The work day ends early and I head to Kate's for a BBQ and the company of old friends. Kate is a gracious hostess. Loads of food, tons of beer and wine in coolers strategically placed all over the property, artfully decorated tables and socially convenient seating.
But as each of the gals arrives, she has a hushed story to tell.
Priscilla is getting divorced. Sshhhh.
Priscilla, her sister. Our frequent travel mate. A Girls Weekend steady-ender.
Priscilla and Mick have been together for at least 20 years. They were married before I was and it would have been 20 years for me and Lars...umm...the day before yesterday. (See how that went by unnoticed?)I can't pretend to know what happens in anyone's marriage (I barely knew what was happening in my own) but I assume it is the classic stuff. Grown apart. Never talk any more. Don't have anything in common. Spend most of their time apart and doing separate things. Would find bursting into flame more pleasant than actual sex with one another.

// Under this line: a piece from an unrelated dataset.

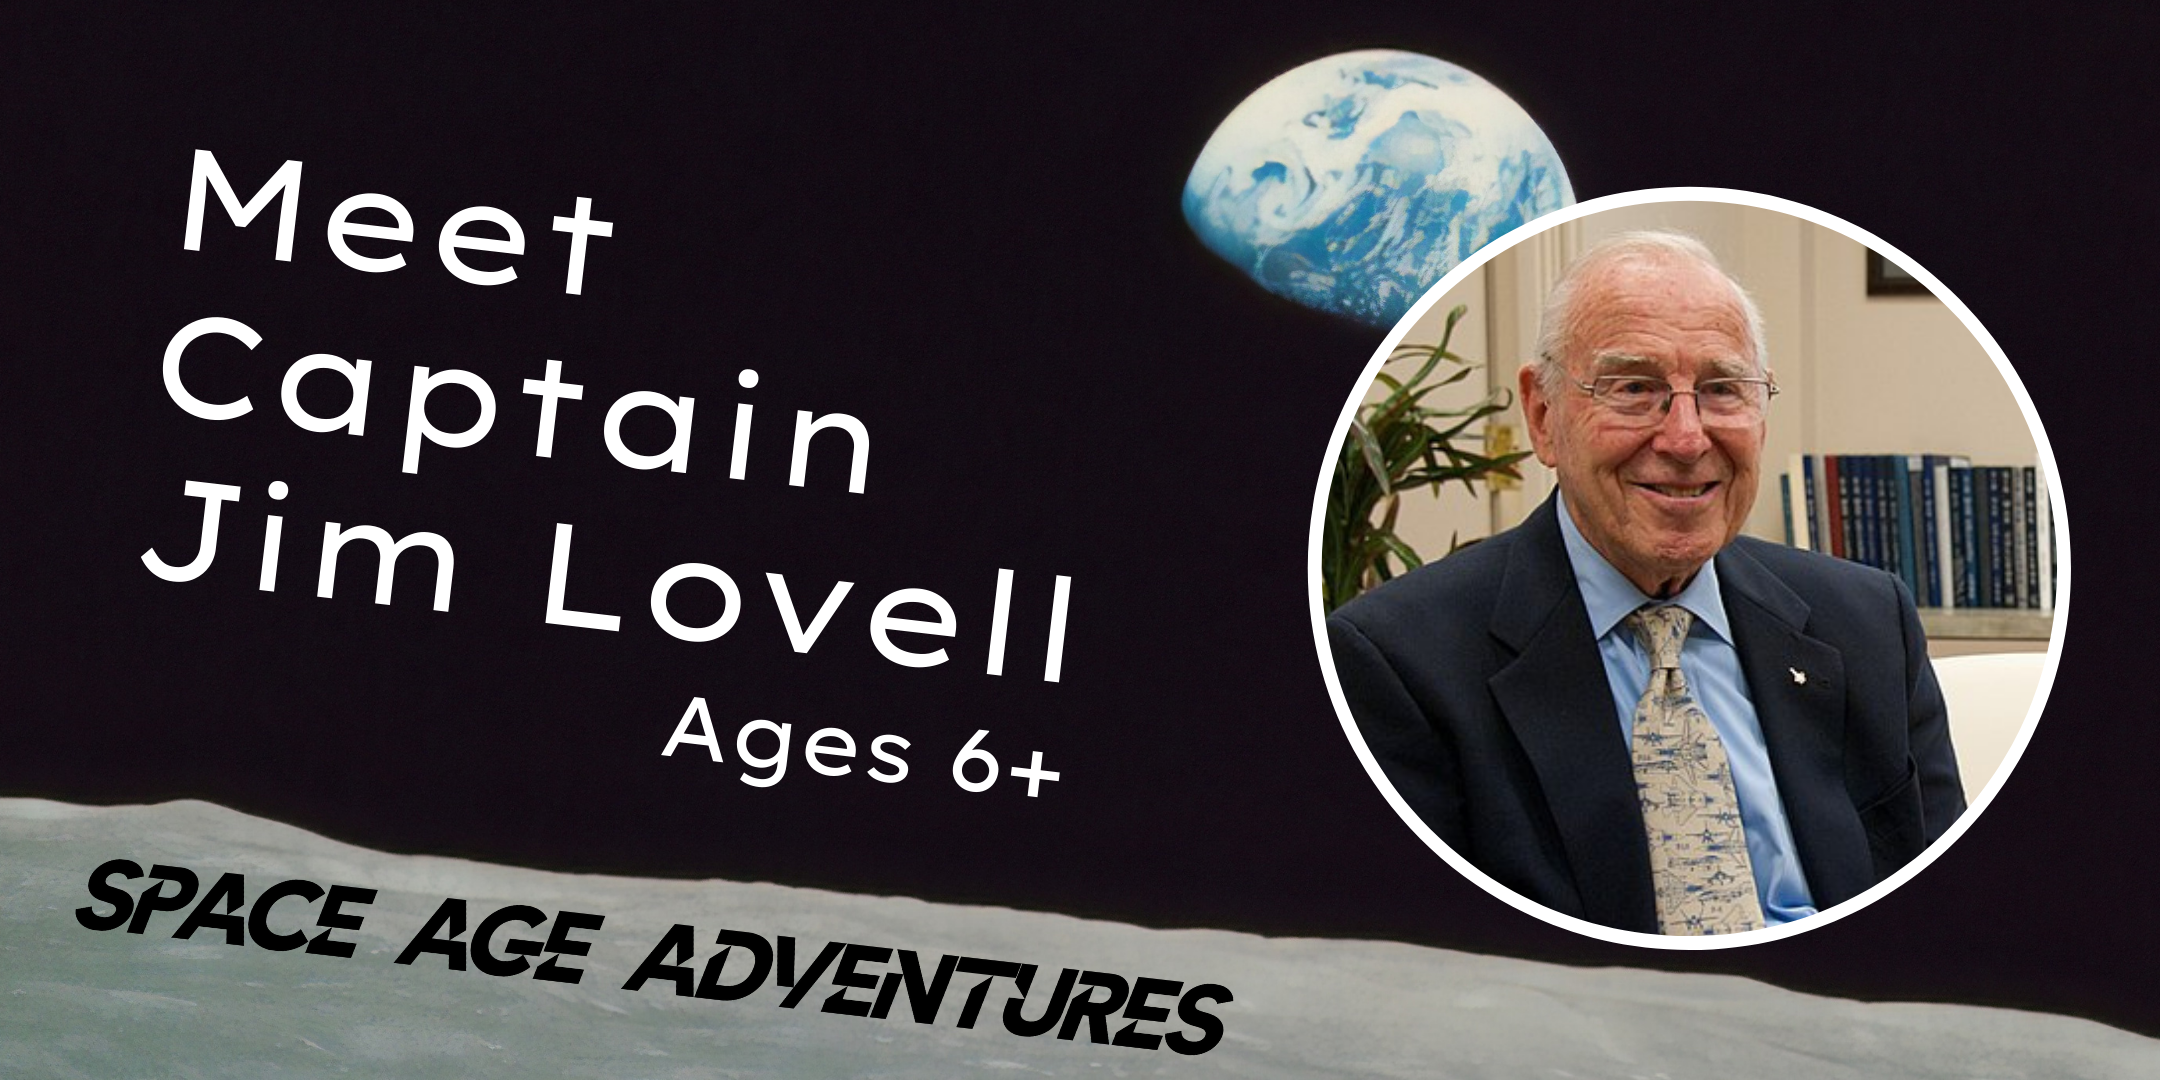 Image of "Space Age Adventures: Meet Captain Jim Lovell for Ages 6+"

Kate does provide one glimpse into Priscilla's nightmare, though. Mick at some point found Jesus. Like some people find stray dogs. Invited Jesus to come live with him and gave him the spare bedroom. Swears that all their problems would be resolved if they all just prayed a little harder.
Now, I love the Lord as much as the next guy, but as a practical matter, you should have a Plan B, no matter how much you believe in the power of prayer. Especially if you have financial or marital or employment woes. And who doesn't?
So presumably as a result of these things, and a few more we'll never know anything about, they are calling it a marriage.
So I pledge to Pay It Forward. In my two year ordeal of Divorcing the AntiChrist, I did quite a lot of boo-hooing to my friends. Whining about the minutia of my marital disentanglement at all hours of the day and night, at all manner of settings, during all types of social engagements - parties, baby showers, Chrstenings, graduations, birthday bashes, sporting events. You name it, I took Lars' name in vain at it, railing against his particularly humiliating brand of ass-holery whenever a bitter little memory was triggered by something.
I owe Priscilla that. As optimistic as she is, and as cordial as the parting may seem to be at this point, at another point, in the not-to-distant future, she will want to scream. And I want to tell her, as Dr. Frazier Crane would say, "I'm listening."